By Richard Hack
Try as they may, the ridesharing leaders Lyft and Uber can’t seem to make their platforms bias free. And, yes, they have tried in multiple ways.
Currently, when riders book a trip, the drivers only receive information on the pickup location and ultimate destination. When accepted, the rider receives information about the driver including a face and car picture, as well as vehicle license plate number.
At the same time, however, the driver then receives the rider’s name, and, if they have uploaded a self-pic, they receive that as well. And here is where the trouble begins, according to Jorge Mejia, assistant professor of operations and decision technologies, at Indiana University’s Kelley School of Business, who ran a study published in the journal Management Science. Any customer picture that uses a LGBTQ rainbow filter is 3% more likely to be cancelled before pickup if the rider is caucasian and 8% more likely to be cancelled if Black or Latino.

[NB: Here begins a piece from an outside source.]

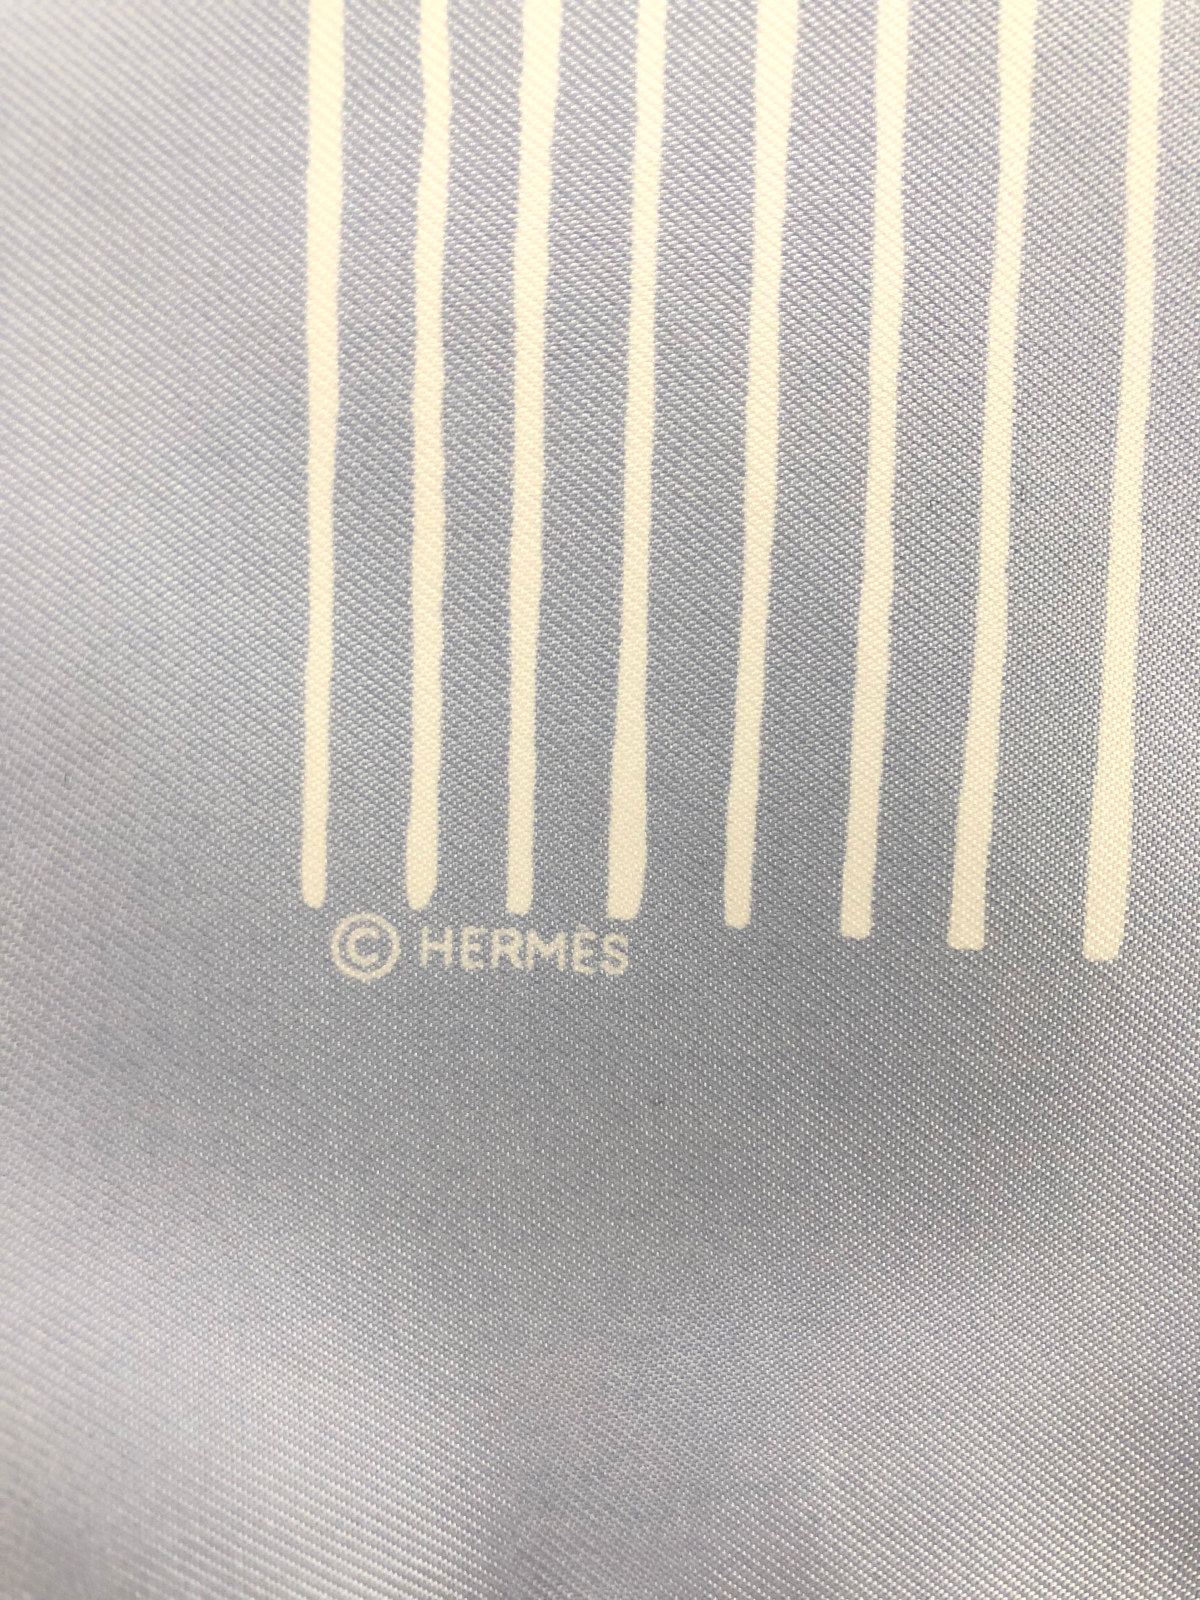 HERMES Blue Gradient Silk Scarf

“We found that underrepresented minorities are more than twice as likely to have a ride canceled than Caucasians; that’s about 3 percent versus 8 percent,” Mejia said. “There was no evidence of gender bias.”

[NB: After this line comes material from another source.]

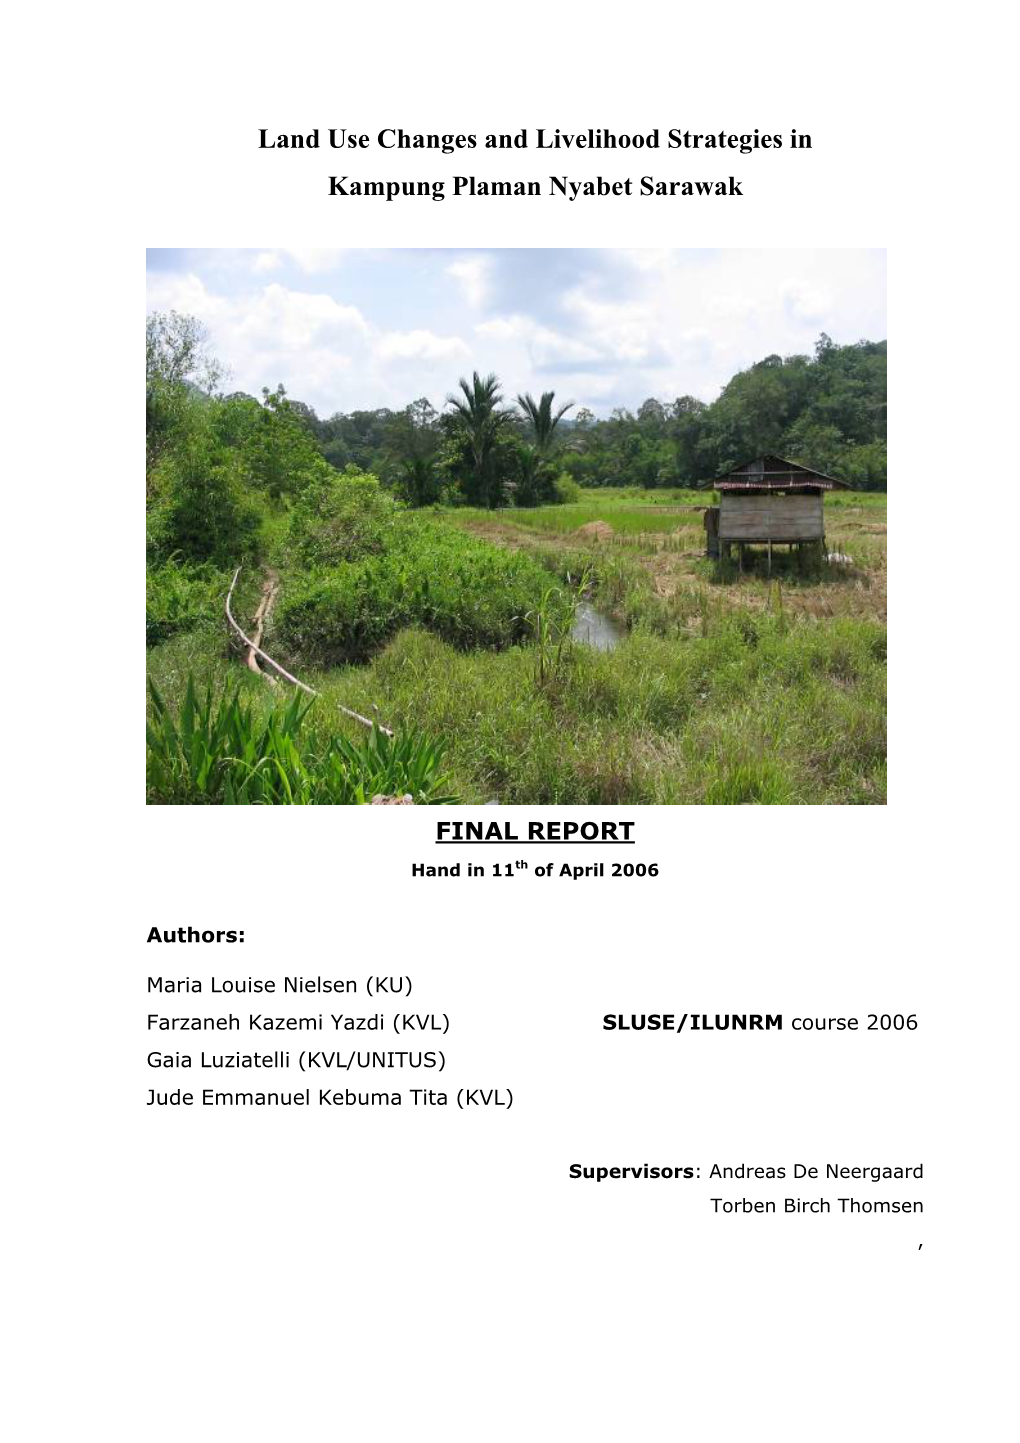 Land Use Changes and Livelihood Strategies in Kampung Plaman Nyabet Sarawak

Working with co-author Chris Parker, assistant professor in the information technology and analytics department at American University in Washington, Majia determined that ridesharing companies should use other data-driven solutions to take note of rider characteristics when a driver cancels and penalize the driver for biased behavior.
One possible way to punish drivers is to move them down the priority list when they exhibit biased cancellation behavior, so they have fewer ride requests. Alternatively, less-punitive measures may provide “badges” for drivers who exhibit especially low cancellation rates for minority riders.
But, ultimately, policymakers may need to intervene, Mejia said.